Ahh that is much better. I have Photoshop CS3 and I pretty much know how to use it. So I just create a copy and sharpen it up and then lower the opacity of one so they blend a little?
Thanks


----------



## NutBolts (Mar 30, 2011)

Showjumper91 said:


> Ahh that is much better. I have Photoshop CS3 and I pretty much know how to use it. So I just create a copy and sharpen it up and then lower the opacity of one so they blend a little?
> Thanks


If you are shooting RAW, I assume you have Adobe camera raw is what you use to process your raw photos right? Or are you using your canon software to import the RAWs from your SD card to your camera?

If you're using Adobe cam raw. Sharpening will be the last think you do, imo, process the photos you like fix colors, exsposure, ect. then sharpen in adobe camera raw to your liking. 

If you are using canon software, do the samething above,

Then check this link out: Sharpen Images in Photoshop: How Professionals Do It | Best Design Options


----------



## Showjumper91 (Apr 18, 2012)

Hey sorry to keep posting pictures but I took these yesterday in RAW. They have had a few colour adjustments and converted to jpeg. They were shot at 1000 shutter speed, 200 IOS and f5.6


----------



## Kaibear (Mar 4, 2011)

Latest photos are much better! Way to go!!


----------



## NutBolts (Mar 30, 2011)

Kaibear said:


> Latest photos are much better! Way to go!!


I concur. Looks like you need to sharpen them up a bit more before you convert to jpeg. Do you use canon software or Adobe Camera Raw to open your RAW photos?


----------



## Showjumper91 (Apr 18, 2012)

I use canon software.

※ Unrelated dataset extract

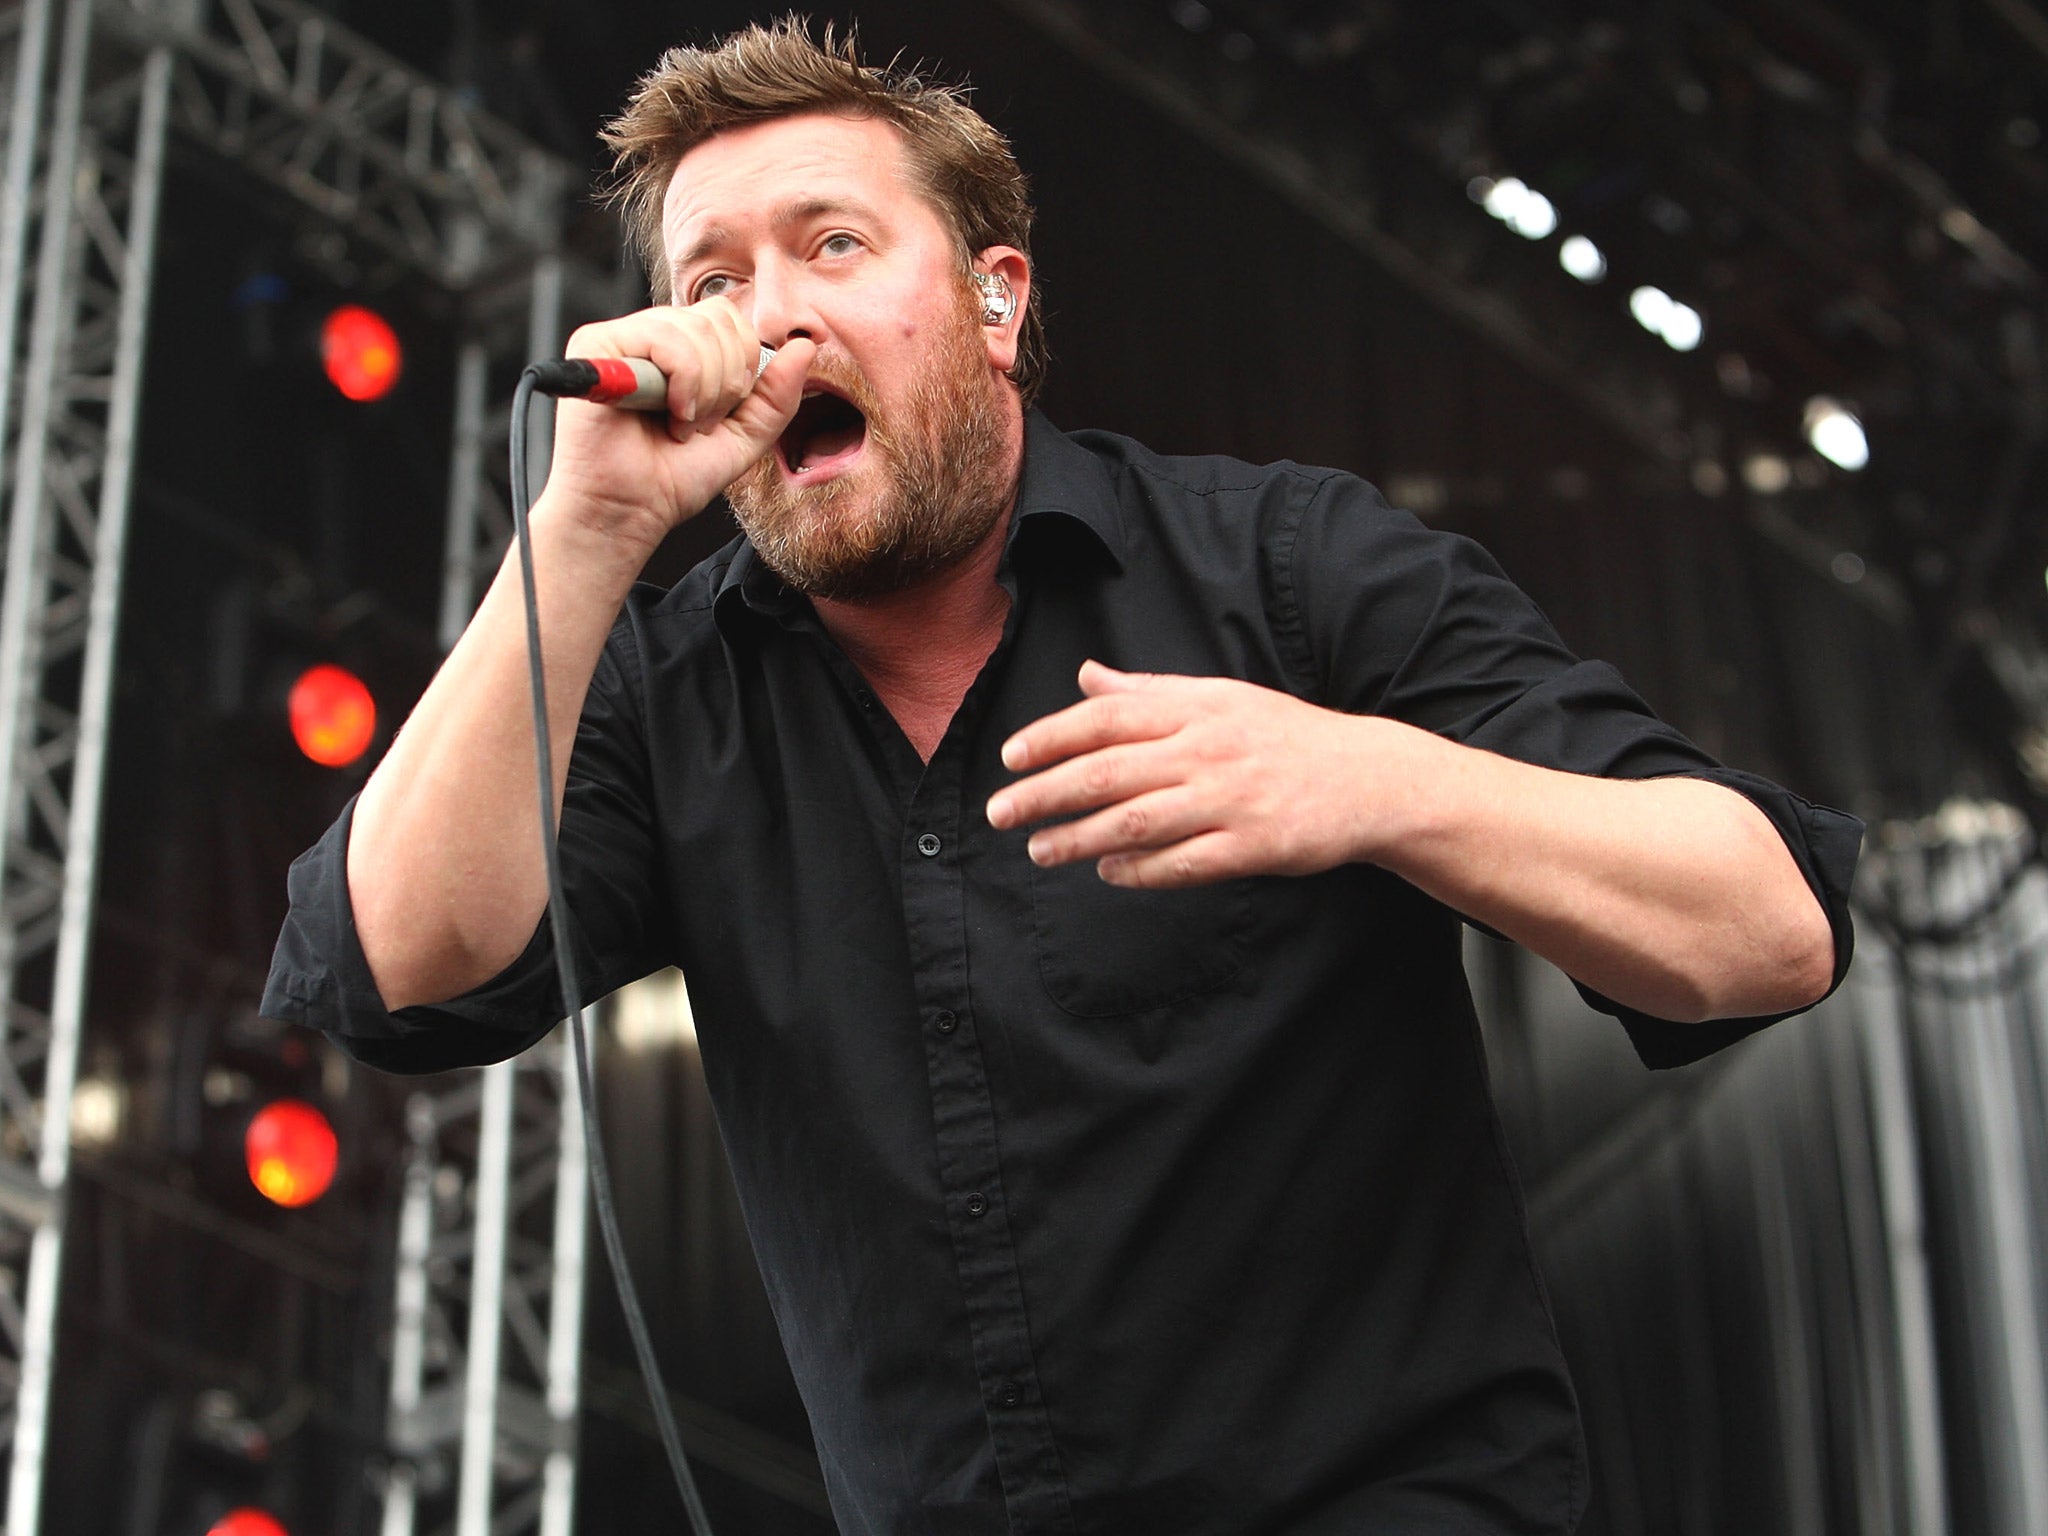 Elbow frontman Guy Garvey has successfully translated his warmth from the stage to the radio studio

I didn't really work on these ones too much. For these I put the in camera sharpening up to 7 (out of 10) where it was previously at 3. After I upload them to the computer, I put the sharpening up to 10, change the colouring a bit and then convert them to jpeg. Then I put them in photoshop and crop them. 

Thats basically what I do with them. but I know I probably need to do more


----------